Commandos Among Many Killed in Iraq

Author: 
Agencies
Publication Date: 
Mon, 2005-09-26 03:00

BAGHDAD, 26 September 2005 — A suicide car bomber attacked an elite Iraqi police unit in Baghdad, killing 13 commandos in the worst of a series of violent incidents to hit the country yesterday. Iraqi police said the car bomber targeted the police commando patrol as they traveled on a highway in the east of the capital. Ten commandos were also wounded, police said.

The bomb followed clashes overnight between US troops and Shiite militiamen loyal to Moqtada Al-Sadr in the eastern Baghdad district of Sadr City. Police said eight militia fighters were killed and five wounded in the fighting.
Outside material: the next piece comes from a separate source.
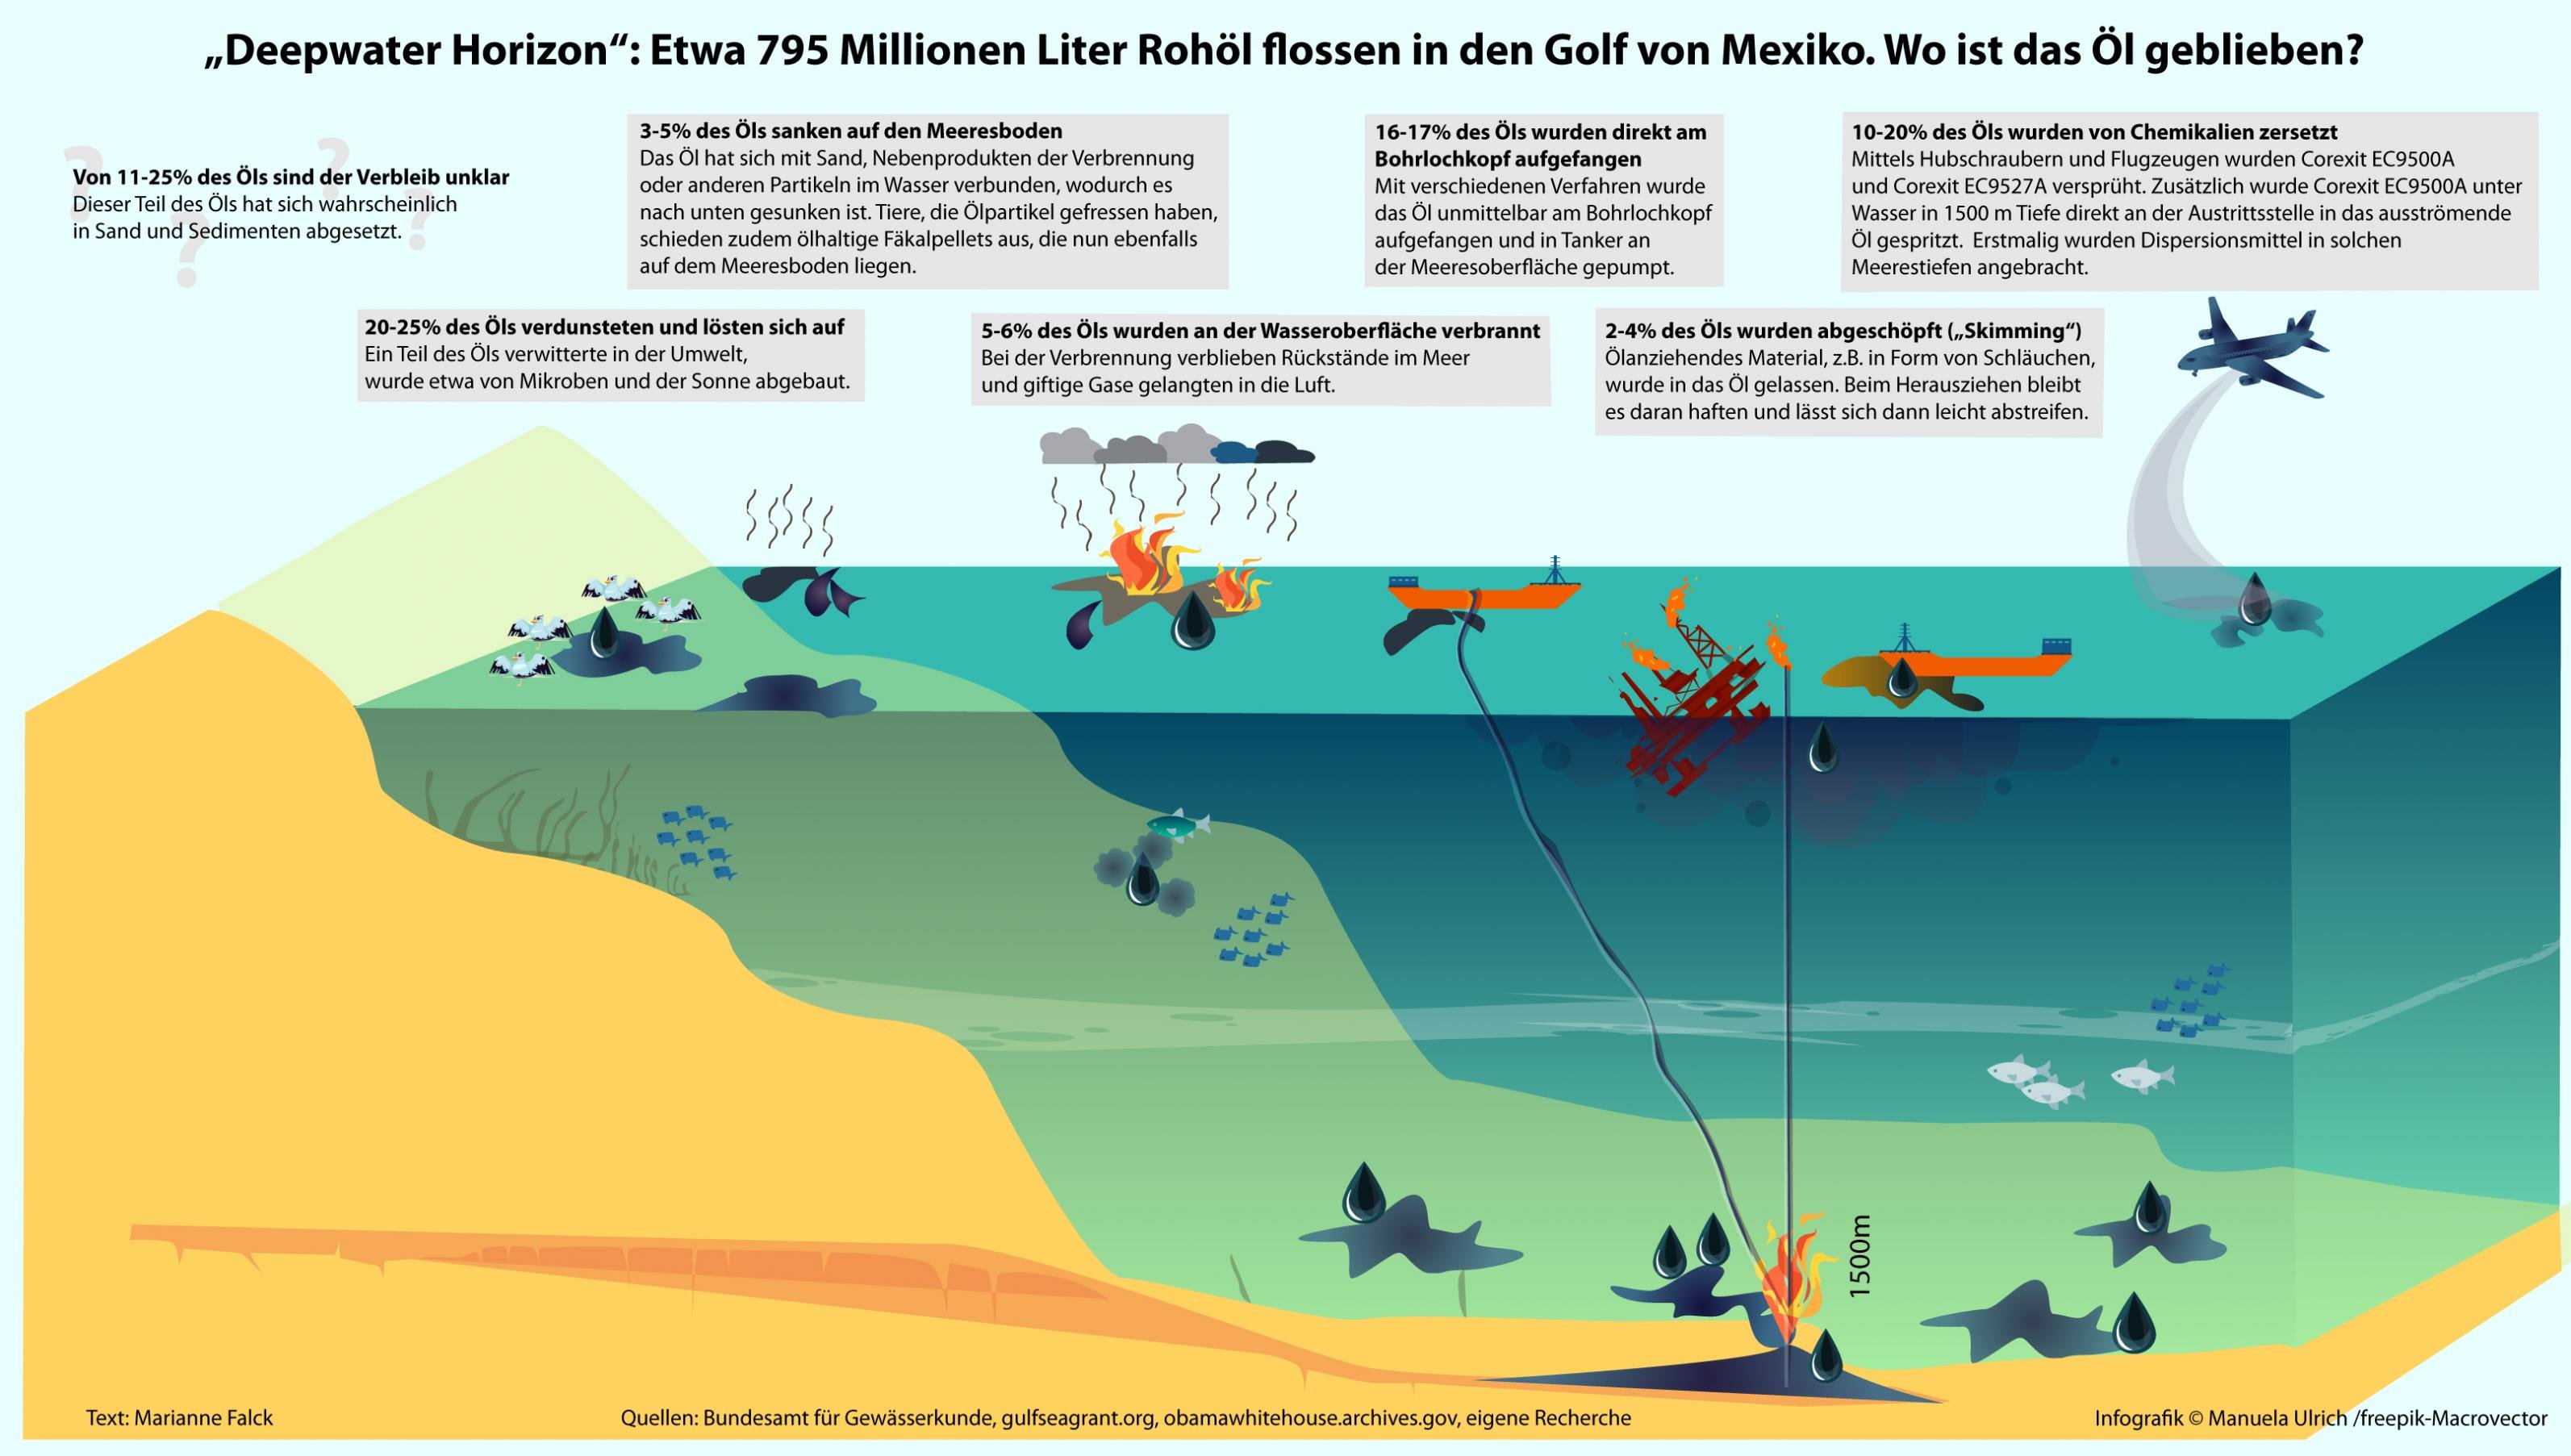 Das Bild ist eine Infografik, die beschreibt, wie das ausgelaufene Öl der Deepwater Horizon Katastrophe geblieben ist.
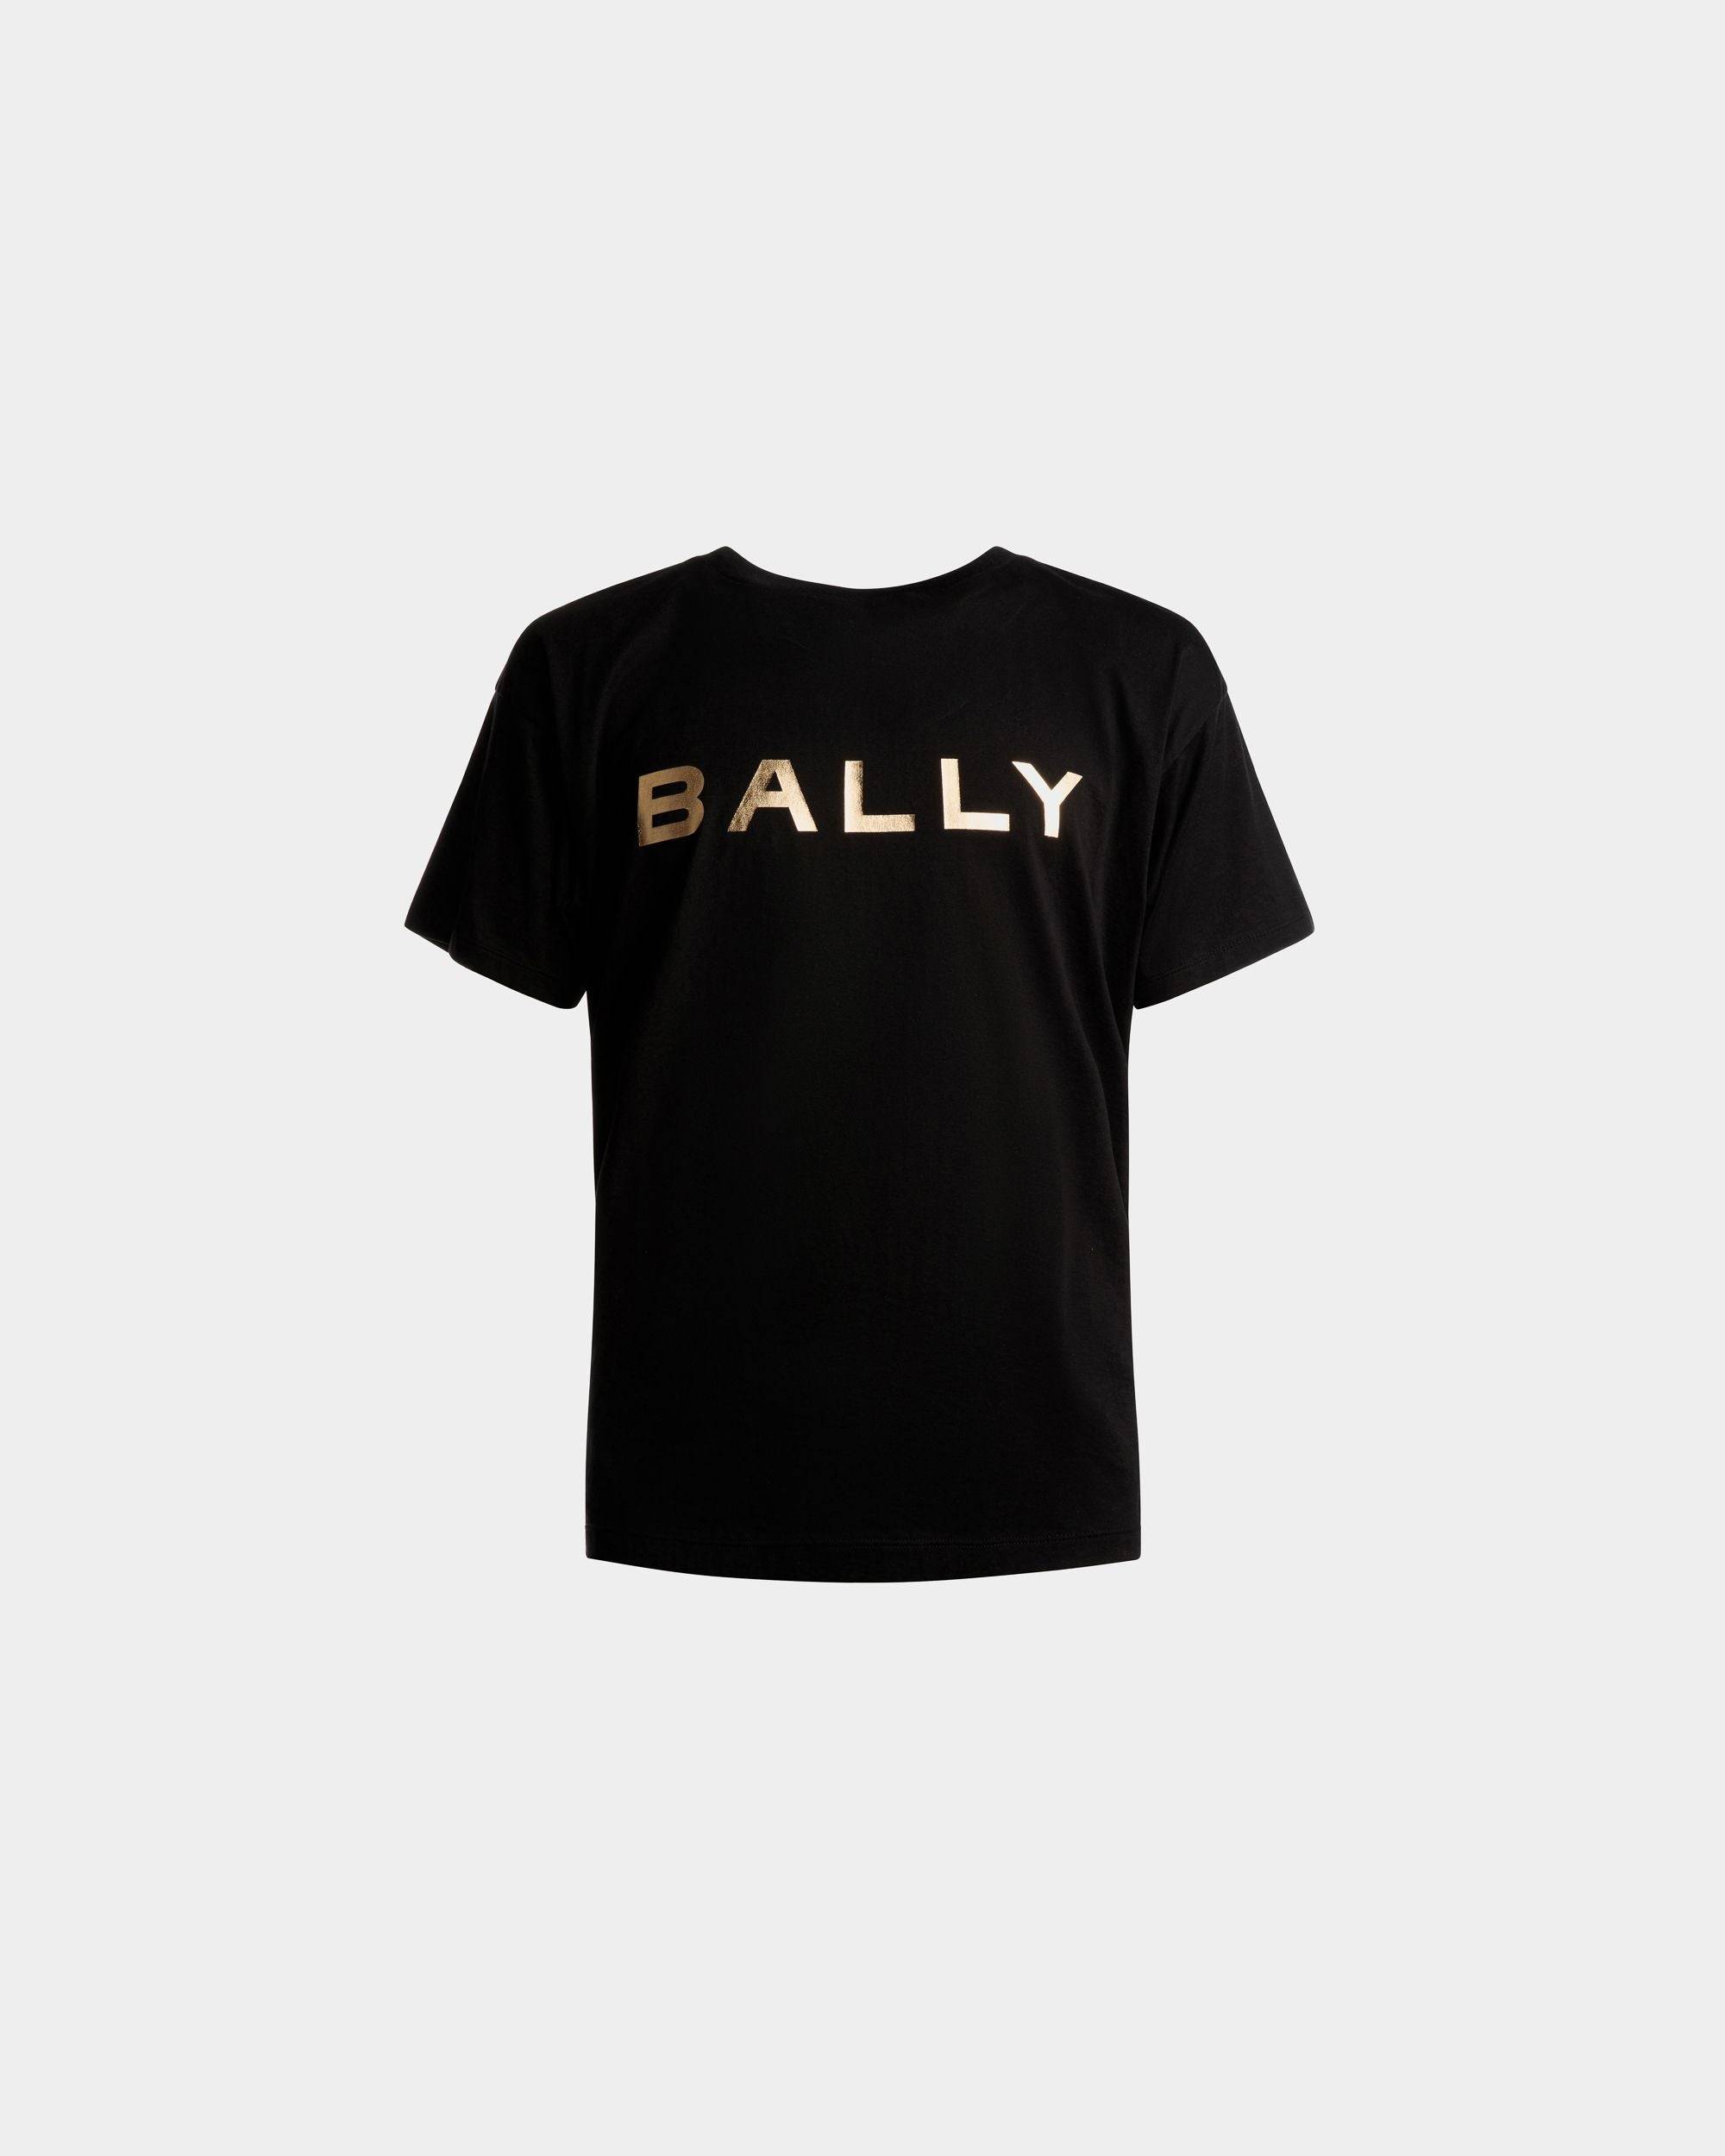 Tシャツ/カットソー(半袖/袖なし)BALLY メンズ Tシャツ - Tシャツ

Those clashes follow fighting between the militia and British troops in the southern city of Basra last week and could further strain efforts to bring security to Iraq with US and Iraqi forces already battling a Sunni Arab insurgency.

South of the capital, in Hilla, a bomber on a bicycle blew himself up in a crowded vegetable market, killing four people, including a woman and a child, and wounding 48, police said. And in western Baghdad, gunmen held up an armored Finance Ministry convoy, killing two guards and wounding nine before making off with $850,000 in cash, police said.

Seven Iraqis, two of them children, were killed and four wounded yesterday when two mortar shells fell in a commercial street in the center of Samarra, north of Baghdad, police said.

“The attackers apparently targeted a nearby Iraqi base but missed,” said police Capt. Akram Kamel.

The string of attacks comes three weeks before Iraq holds a referendum on a new draft constitution and amid a general increase in unrest both in central areas and in the southern city of Basra, where around 8,500 British troops are based.

In Ramadi, west of Baghdad, more than 1,000 people marched to protest the constitution, which they say will divide Iraq along sectarian lines by giving too much autonomy to Kurds in the north and pro-Iranian Shiites in the south. The crowd in Ramadi was largely made up of Sunni Arabs, whose leaders are strongly opposed to the constitution, but also included Shiite supporters of Sadr, a nationalist young cleric who heads a militia called the Mehdi Army.

The foreign minister of France, which strongly opposed the war on Iraq, called for a new international conference to try to draw the Sunni minority further into the political process.